Boating accident in Australia

A collision between the private cruiser Merinda and the Sydney HarbourCat Pam Burridge, which occurred on 28 March 2007 near the Sydney Harbour Bridge, claimed the lives of four members of Australia's ice skating elite, and injured two other people. The skaters were on board the nine-metre motor cruiser Merinda to celebrate the national team's performance at 2009 World Figure Skating Championships.

==Description==

Fourteen-year-old Morgan Innes, who had won the 2006 Queensland Intermediate Ladies Championship and was placed seventh at the 2006 Australian Championships in the novice ladies division, was killed along with ice skating judges Simone Moore and Alan Blinn, and 45-year-old Sydney man James Engert. They were on a sightseeing trip on the Merinda when the cabin cruiser collided with the Sydney Ferries Harbour Cat Pam Burridge just before 11 pm. Also injured in the crash was Innes's coach Liz Cain who represented Australia in the 1980 Winter Olympic Games; Cain's leg had to be amputated. Innes's body was missing for five days before it was discovered on 2 April by a police dive team 200 metres from the crash site.

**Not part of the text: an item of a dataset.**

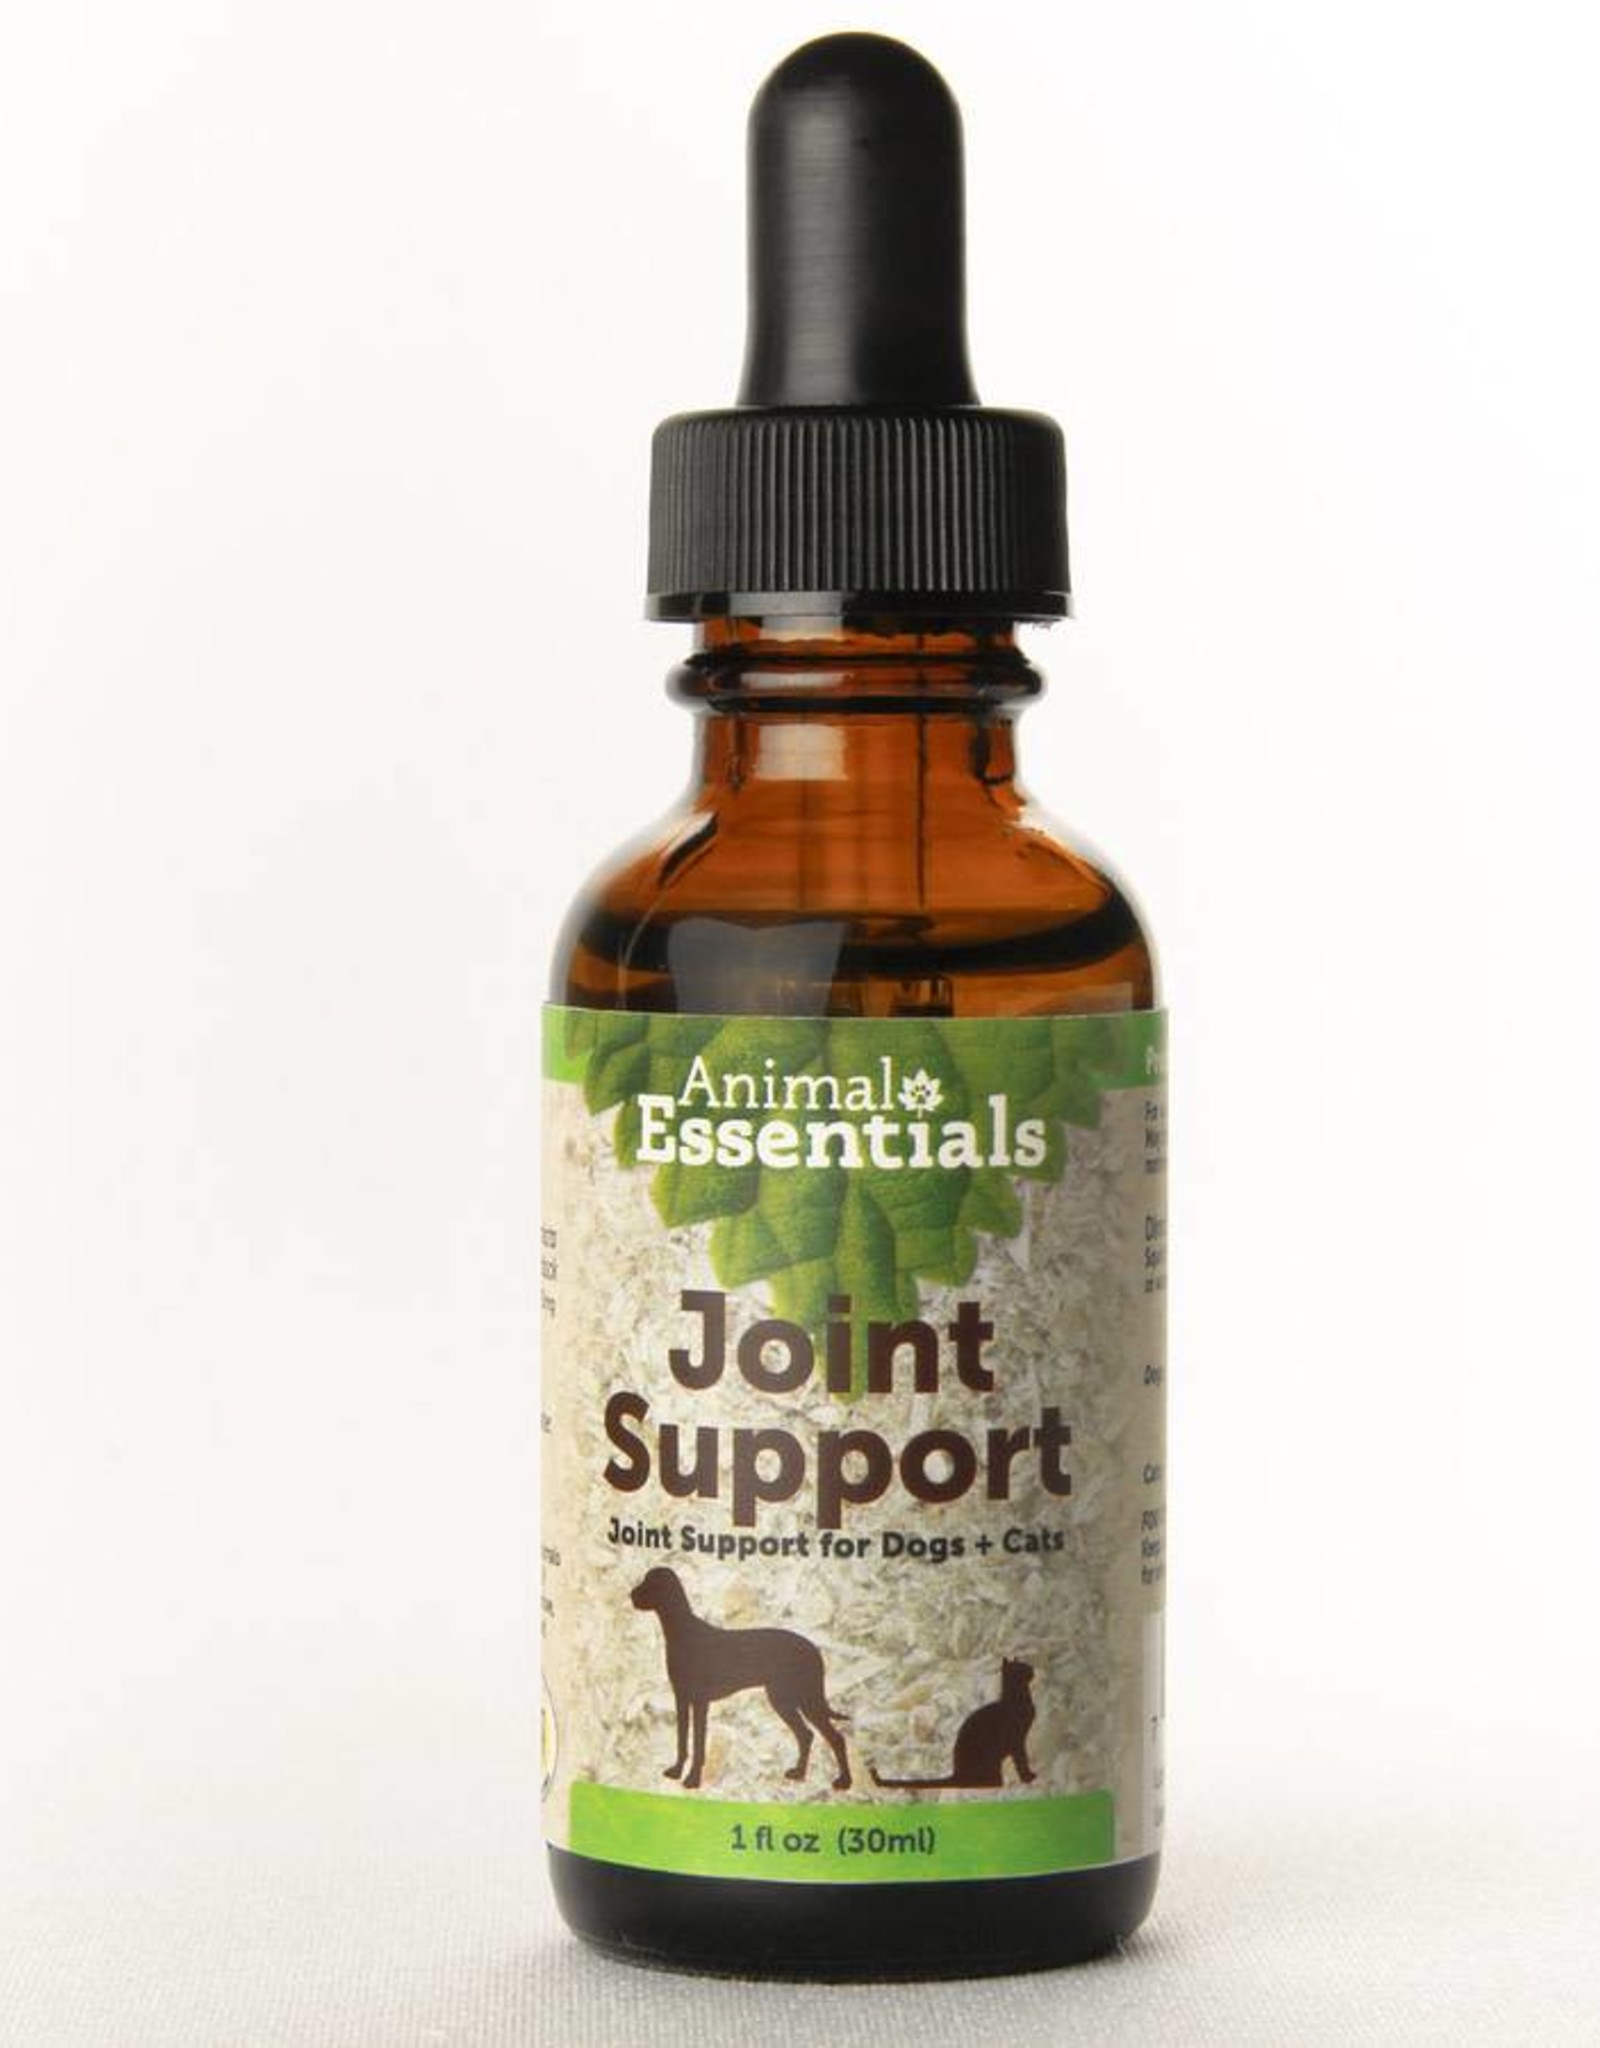 Animal Essentials Animal Essentials Joint Support 1oz

In April 2007, Innes's parents established the Morgan Innes Foundation, which raises funds to help young ice skaters pursue their profession. In 2010, the International Olympic Committee banned the wearing of a yellow bracelet by Australian Olympic figure skater Cheltzie Lee to honour Innes, deeming the bracelet a sponsorship item. Lee had worn the bracelet since 2007 when she competed and trained, including international meets.